Земфира Каирбековна Алавердиева сидела в гримёрке, окружённая внучками и визажистами. Ей было восемьдесят пять, но даже в этом возрасте она сохраняла удивительную стать. Говорили, что если бы Тюркан Шорай родилась в Ташкенте, она выглядела бы именно так. Та же мягкость движений, тот же взгляд — тёплый, глубокий, будто в нём отражалась целая эпоха. Когда она улыбалась, морщины на её лице не старили — наоборот, делали её похожей на женщину, в которой время оставило автограф, но не забрало красоту. Она не пользовалась дорогими кремами, не носила украшений, но всегда выглядела безупречно. Её глаза, зелёные и внимательные, будто умели читать человека с полуслова.
В молодости она преподавала зарубежную литературу, и каждый её студент помнил: даже когда она разбирала Шекспира, казалось, будто говорит о жизни, прожитой ею самой. В её доме до сих пор пахло книгами и кофе, а на стенах висели картины, подаренные бывшими учениками. Она умела готовить — не просто вкусно, а с философией, как будто через блюда пыталась передать характер эпохи. И действительно, по гороскопу она была Рак, и, как все Раки, сочетала в себе кулинарный талант, эмоциональную глубину и материнскую интуицию.
Семеро детей — четверо сыновей и три дочери — давно выросли, стали людьми состоятельными и известными. Каждый из них носил в себе частицу её характера: старший — её сдержанность, средняя — её острый ум, младший — её чувство юмора. Именно младший, Санджар, решил устроить этот конкурс. Вначале он хотел сделать обычный фестиваль красоты для молодых девушек, но внезапно понял — это скучно. Мир видел слишком много юных красавиц, но кто напомнит о тех, кто был красив тогда, когда эти девушки ещё не родились? Так родилась идея — конкурс для женщин не младше восьмидесяти. И, конечно, в центре всего — его мать.
Когда Земфира Каирбековна вышла на сцену, зал замер. В свете прожекторов она выглядела как королева без трона, но с осанкой, перед которой и трон бы поклонился. Платье цвета шампанского подчёркивало белизну кожи, волосы, уложенные в мягкую волну, блестели, как шёлк. Она говорила — и в каждом слове звучала школа, интонация, культура. Рассказывая о своём первом уроке литературы, она вдруг рассмеялась: «Я тогда думала, что Диккенс — фамилия соседа, а оказалось, что это целая эпоха!» Зал смеялся вместе с ней.
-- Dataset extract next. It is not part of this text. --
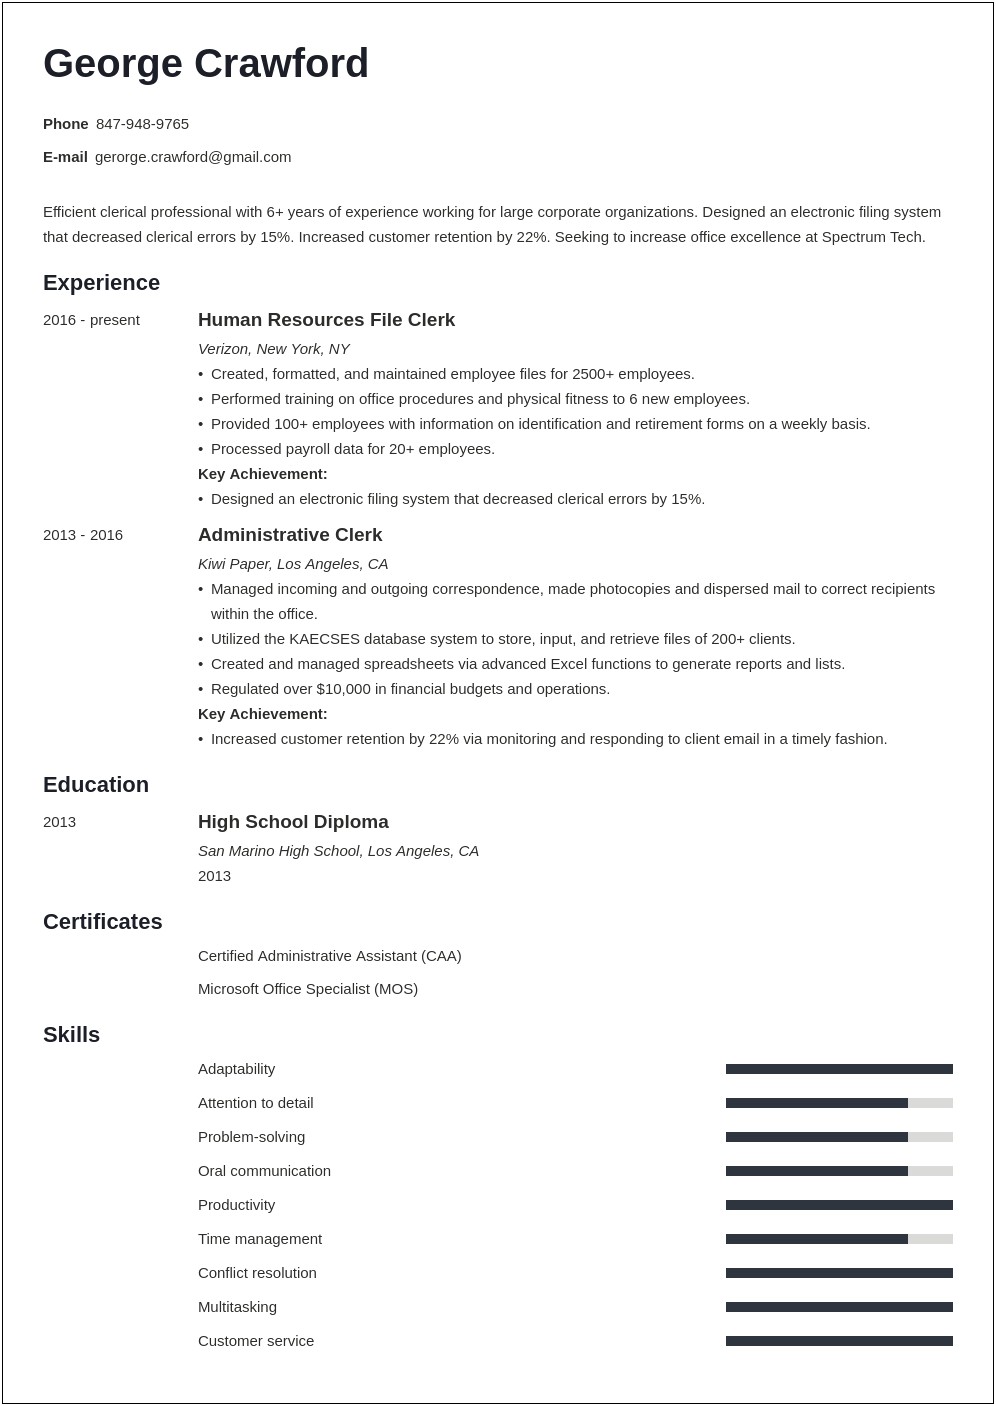 Clerical Staff Job Description For Resume

А когда началась номинация «Лучшая рассказчица», она не читала выученный текст — просто заговорила, будто вспоминая вслух. Рассказала о любви. Не о своей — о той, что могла бы быть. О мужчине, который однажды подарил ей ветку сирени и сказал: «Если когда-нибудь пожалеешь — вспомни, как пахнет весна». И в тот момент никто в зале не сомневался: этот мужчина действительно существовал.
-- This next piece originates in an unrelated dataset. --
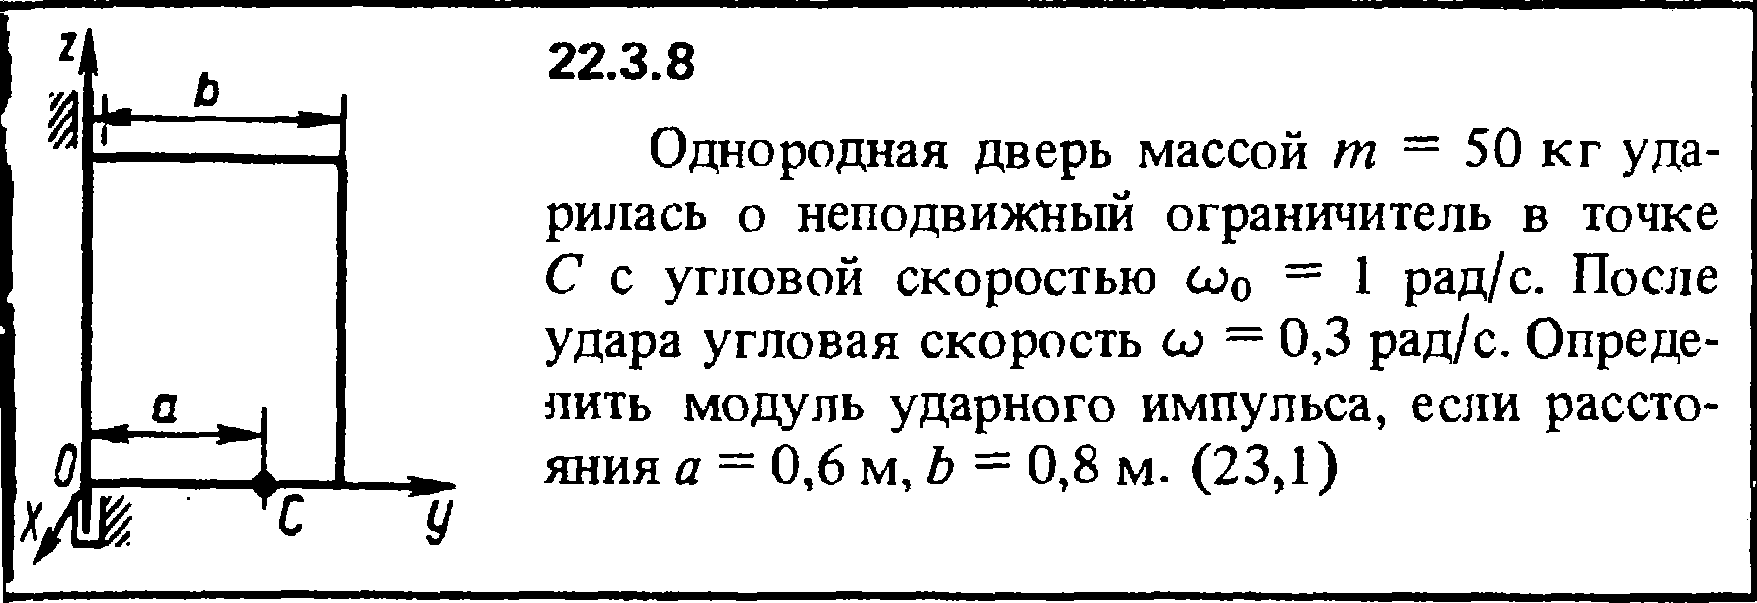 Решение 22.3.8 из сборника (решебника) Кепе О.Е. 1989

Конкурс завершился бурными аплодисментами. Жюри долго совещалось. Победительницей объявили другую — милую, скромную участницу из Чиланзара, но публика знала: настоящая королева — Земфира Каирбековна. Она только улыбнулась: «Дорогие мои, не всё, что не первое, хуже. Иногда второе место достаётся тем, кто выше подиума».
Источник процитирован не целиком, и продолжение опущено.